___ Data section ___
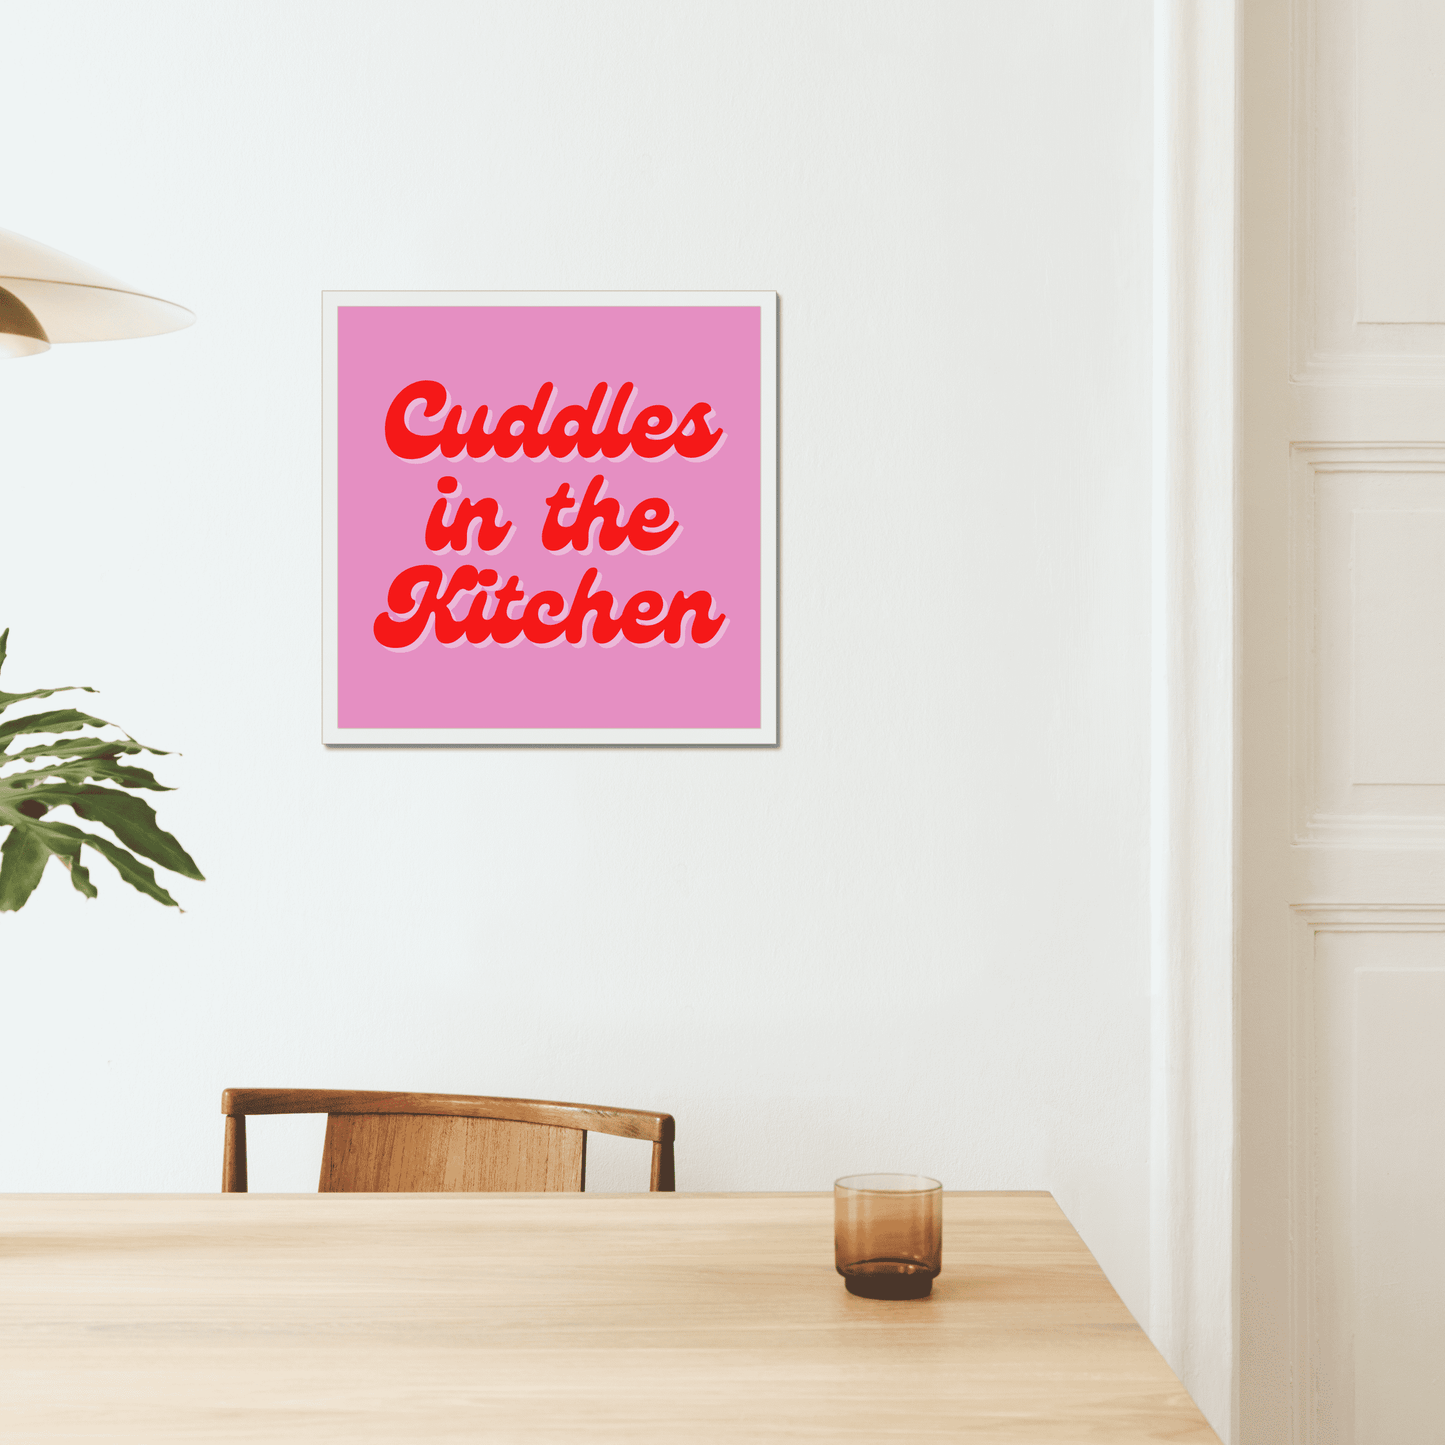 Cuddles in the kitchen art print. A bright and quirky print to make a fun statement in your home. A pink background with a red retro font. We love this Arctic Monkeys, Mardy Bum inspired print.
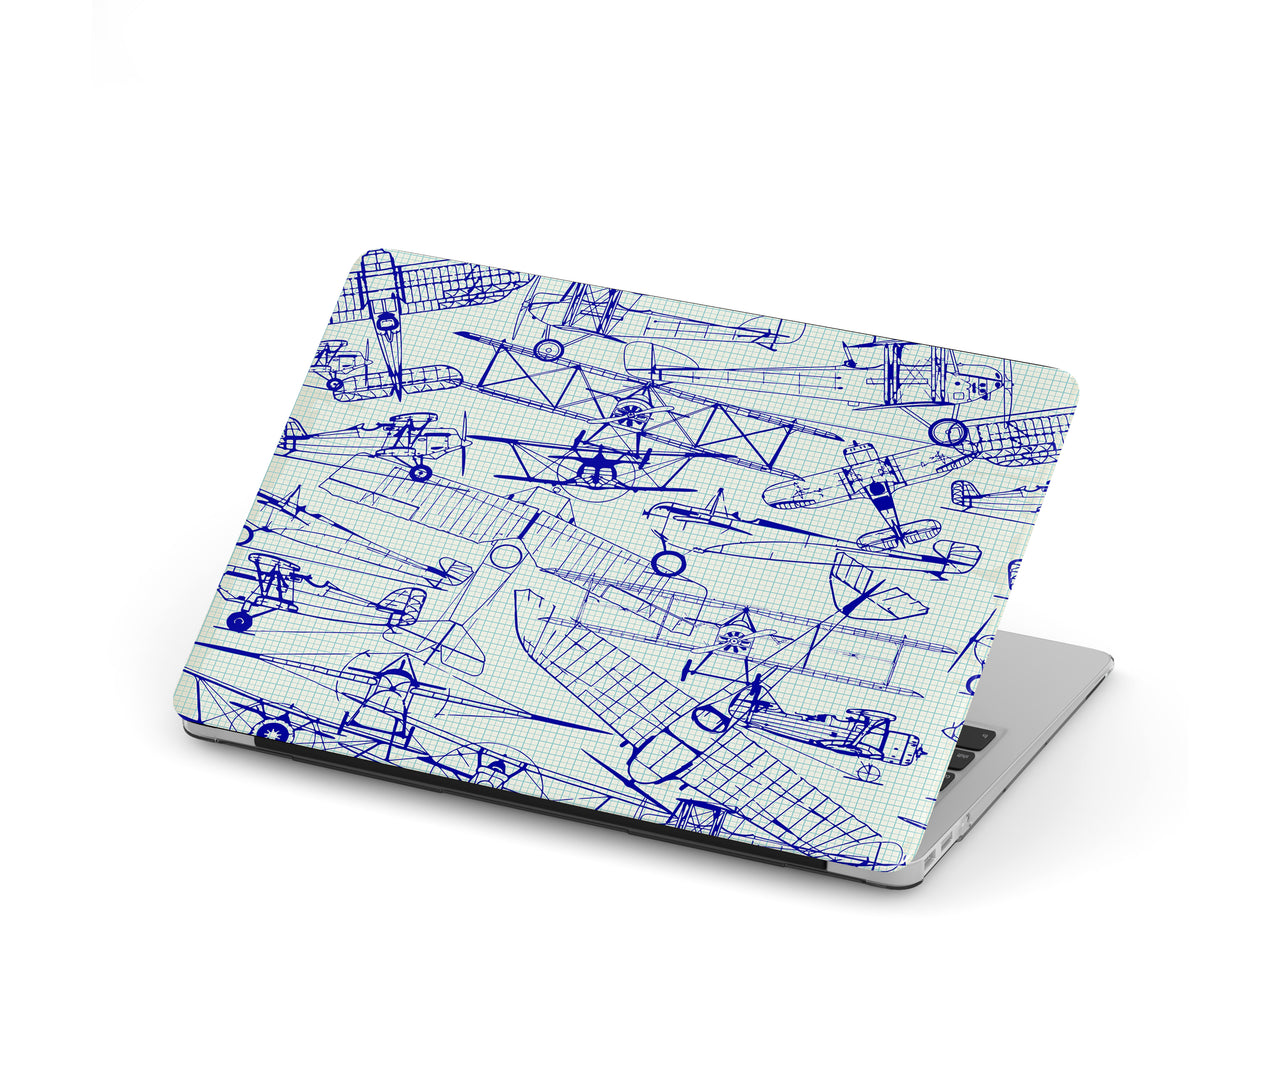 Amazing Drawings of Old Aircrafts Designed Macbook Cases
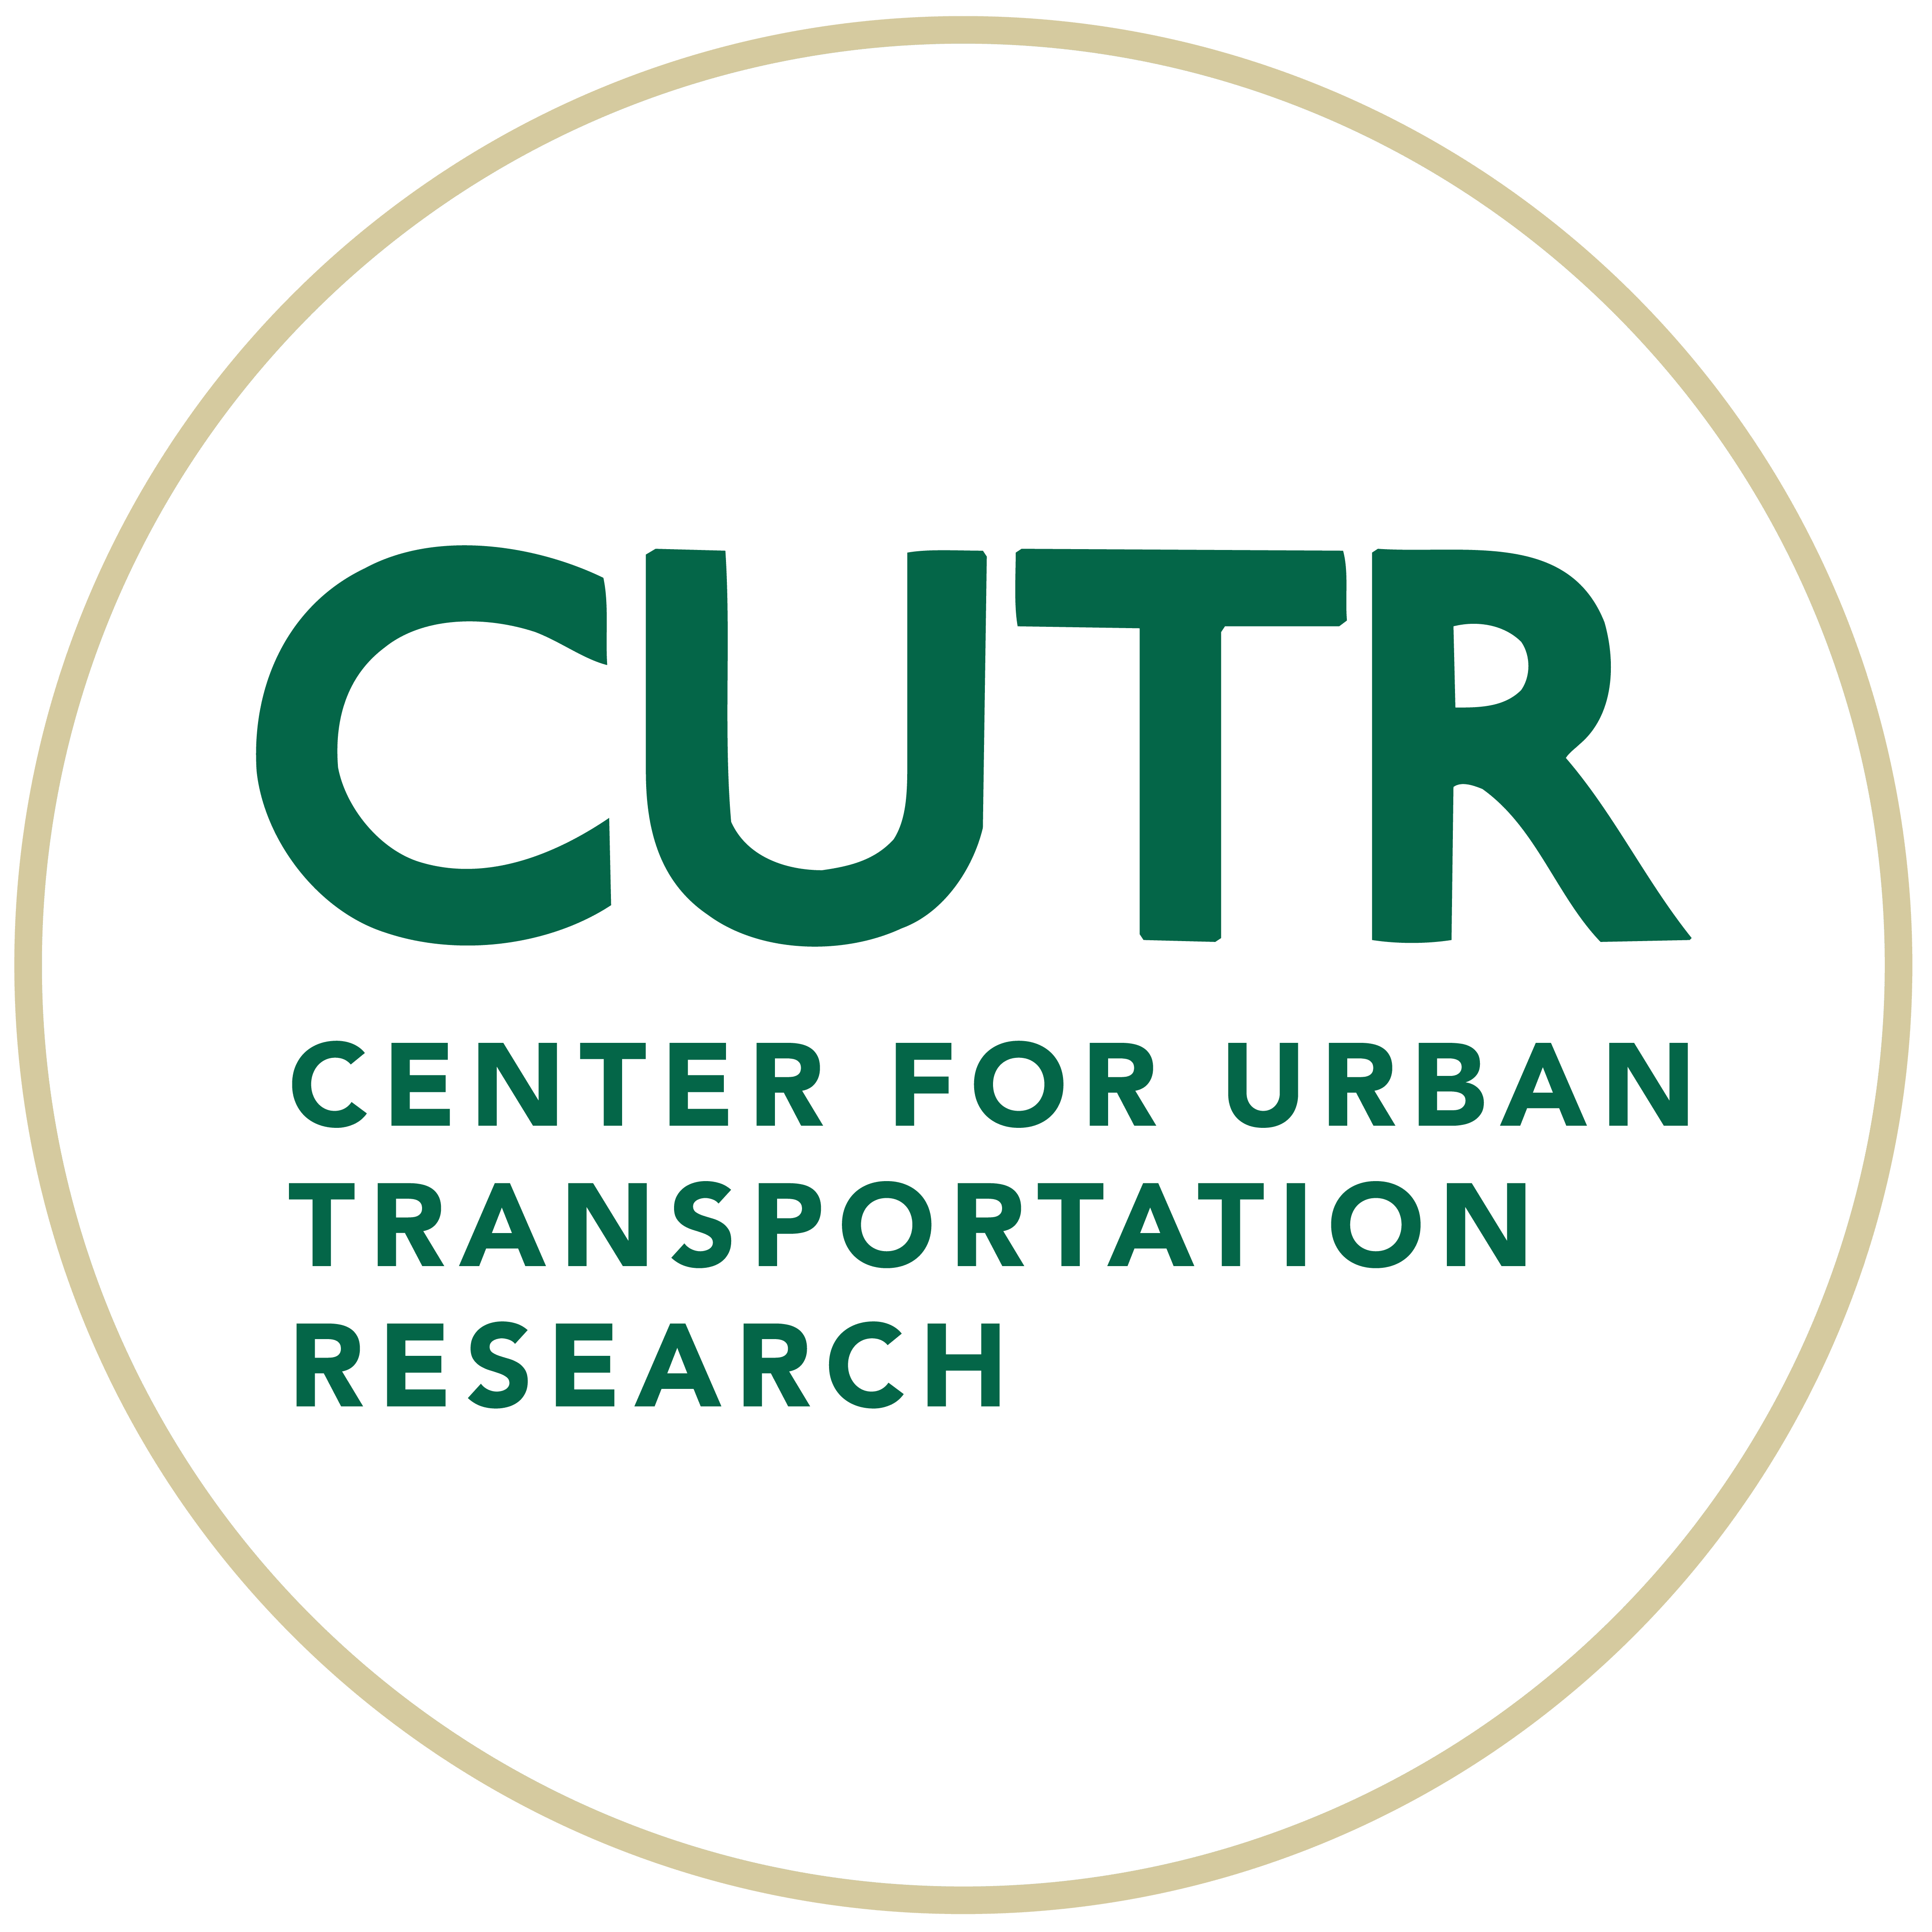 Center for Urban Transportation Research | University of South Florida
___
**Exercise directions:** Write the listing out a second time exactly, dropping all images.

**Solution:**
 Cuddles in the kitchen art print. A bright and quirky print to make a fun statement in your home. A pink background with a red retro font. We love this Arctic Monkeys, Mardy Bum inspired print.
 Amazing Drawings of Old Aircrafts Designed Macbook Cases
 Center for Urban Transportation Research | University of South Florida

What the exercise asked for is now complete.